Pip stands for Percentage in Point. For most pairs it is the fourth decimal place. A move from 1.0800 to 1.0801 in EUR/USD represents 1 pip. On a standard 100,000-unit lot, 1 pip equals $10 in profit or loss.
Leverage allows you to control a larger position with a smaller deposit. With 1:100 leverage, $100 in your account controls a $10,000 position. This multiplies potential profits and losses by the same factor — it does not change the probability of being right.
Lot Sizes define the trade volume. A Standard Lot is 100,000 units of the base currency. A Mini Lot is 10,000 units. A Micro Lot is 1,000 units. Most beginners should start with Micro Lots to keep individual trade risk manageable while learning.
Risks Every Beginner Must Understand
Forex offers real opportunity, but it also carries risks that are often underestimated by beginners.
Leverage Risk is the most immediate danger. Leverage amplifies losses as effectively as it amplifies gains. A 1% unfavourable move on a 1:100 leveraged position wipes out your entire margin deposit. Using leverage without understanding it is the fastest path to losing your entire account.
News and Volatility Risk refers to the impact of major economic releases. Announcements like central bank rate decisions, Non-Farm Payrolls or inflation data can cause currency pairs to move 100 pips or more in seconds, making stop losses harder to fill at expected prices.
Psychological Risk is frequently underestimated. Trading with real money under uncertainty triggers emotional responses — fear, greed, revenge trading after losses — that destroy systematic performance. The market does not care about your feelings; your discipline must operate independently of them.
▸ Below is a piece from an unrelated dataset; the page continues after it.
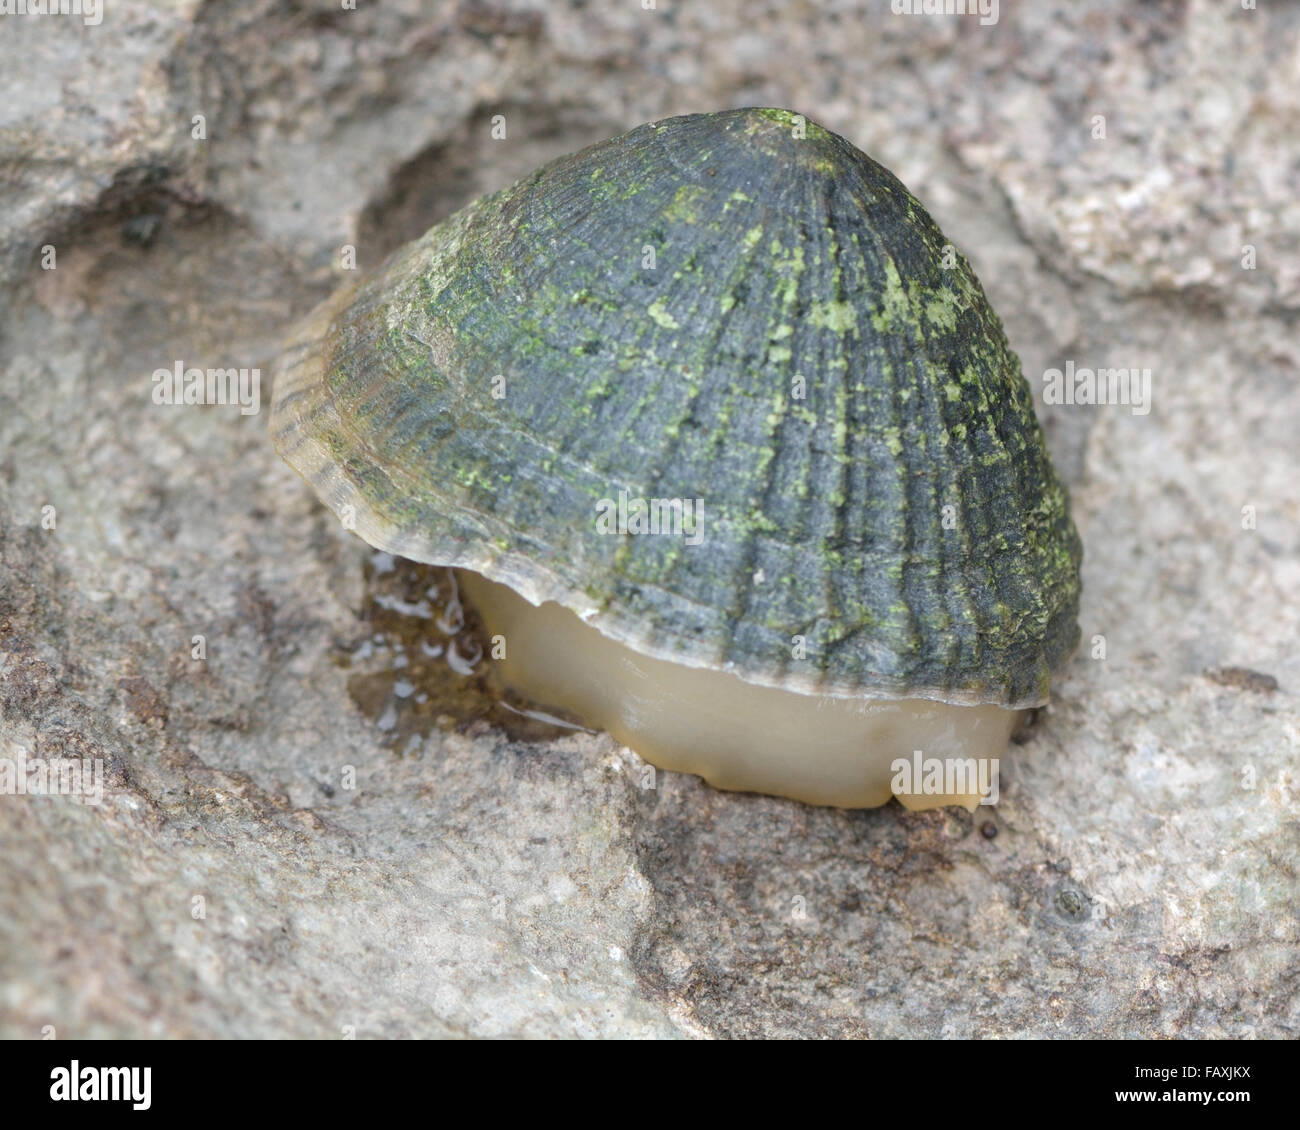 Common Limpet (Patella vulgata) on shore with foot exposed. A gastropod mollusc on rock, with trail of slime visible Stock Photo

Counterparty and Broker Risk matters enormously in an unregulated environment. Not all brokers operate honestly or are financially stable. Trading with an unregulated broker means your deposits have limited or no protection if the broker becomes insolvent or acts fraudulently.
How to Start Trading Forex in 2026
The correct sequence for a beginner involves five steps, and the first two should take months — not days.
Step 1: Learn the fundamentals seriously. Understand how currency pairs work, what drives exchange rates, how to read candlestick charts and what Money Management means in practice. Do not skip this.
Step 2: Trade on a Demo Account for at least 1 to 3 months. Almost every reputable broker offers a free Demo Account with simulated funds in live market conditions. Use this time to test your understanding, develop entry and exit rules and build a track record before risking real capital.
Step 3: Choose a regulated broker. Look for brokers licensed by credible authorities such as the FCA (UK), ASIC (Australia) or CySEC (EU). Check independently that the broker accepts clients from Thailand and has transparent fee structures.
Step 4: Start small when you go live. Open your live account with a modest amount — ideally money you can afford to lose in a worst-case scenario. Use Micro Lots and limit risk to 1% of your account balance per trade. Scaling up comes after consistent performance, not before.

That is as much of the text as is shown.